Spontaneous spleen rupture was first described by Rokitansky in 1861 and mentioned in many cases since, the common causes of non-traumatic Splenic rupture include myeloproliferative diseases, vasculitis, and infections. However, Chronic Lymphocytic Leukemia (CLL) remains an obscure cause of splenic rupture that requires unique attention. The diagnosis of splenic rupture should be considered in all patients with hematologic malignancies presenting with abrupt onset of abdominal pain, hemodynamic instability, or acute anemia. The choice between conservative treatment and splenectomy depends on different variables: the etiology of the SRS, the hemodynamic stability, the amount of packed red blood cells transfused. Thus, an interventional approach can be advocated for a spontaneous splenic rupture over nonoperative management. Splenic embolization can provide patients with the advantages of both operative splenectomy and conservative management. The mortality rate from SRS is 12.2 %. Neoplastic pathologies were most significantly associated with fatal outcomes.

CONCLUSION

The high mortality rate seems to be mainly related to the delayed diagnosis and/or the severity of the underlying pathology. Given its seriousness, it requires a rapid diagnosis and adapted management.

摘要

引言

脾自发性破裂(SRS)是一种罕见现象,即脾脏在无相关创伤的情况下发生破裂。
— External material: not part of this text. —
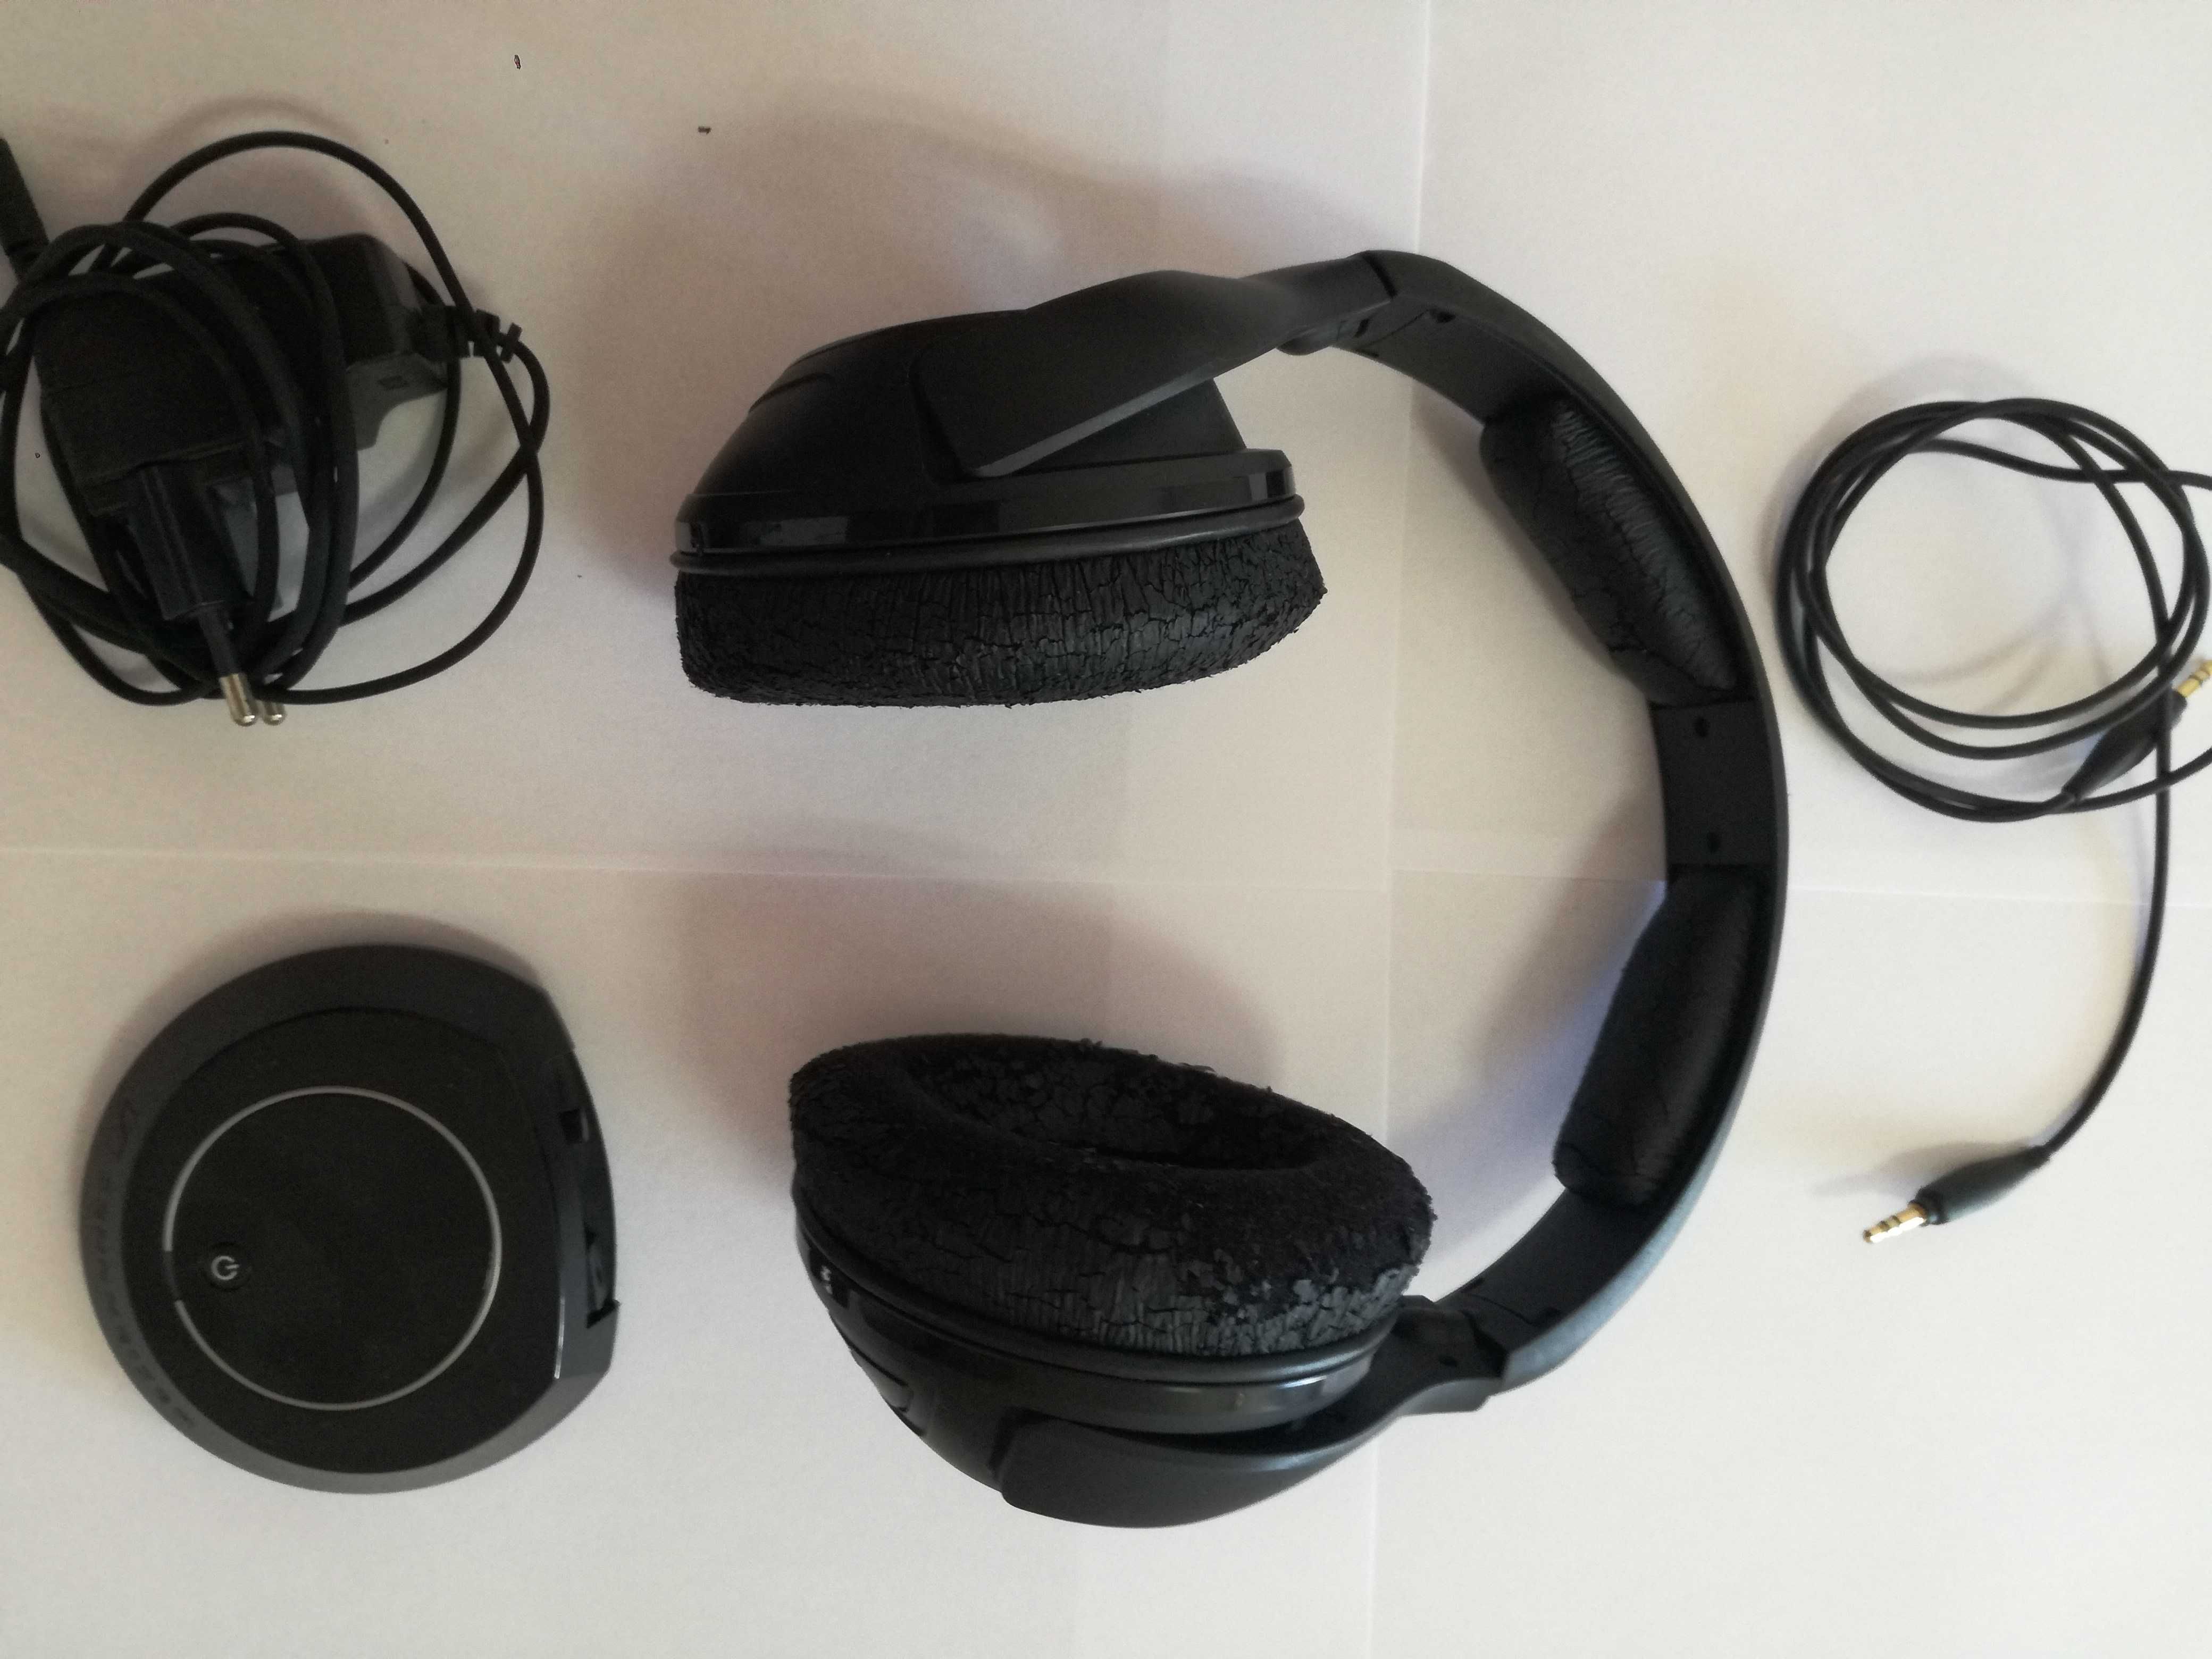 Słuchawki bezprzewodowe Sennheiser HDR 160 zestaw bezprzewodowy

这种病理情况很少由慢性淋巴细胞白血病引起。

病例介绍

我们报告一例59岁慢性淋巴细胞白血病男性患者,因急腹症入院,临床及辅助检查显示为脾自发性破裂。治疗方法为脾切除术。

讨论

脾自发性破裂最早由罗基坦斯基在1861年描述,此后在许多病例中都有提及,非创伤性脾破裂的常见原因包括骨髓增殖性疾病、血管炎和感染。然而,慢性淋巴细胞白血病(CLL)仍然是脾破裂的一个不明确病因,需要特别关注。所有出现腹痛突然发作、血流动力学不稳定或急性贫血的血液系统恶性肿瘤患者都应考虑脾破裂的诊断。保守治疗和脾切除术之间的选择取决于不同变量:SRS的病因、血流动力学稳定性、输注的红细胞压积量。因此,对于自发性脾破裂,提倡采用介入性方法而非非手术治疗。脾栓塞可为患者提供手术脾切除术和保守治疗的双重优势。SRS的死亡率为12.2%。肿瘤性病变与致命结局的相关性最为显著。

结论

高死亡率似乎主要与诊断延迟和/或潜在病理状况的严重程度有关。鉴于其严重性,需要快速诊断和适当的治疗。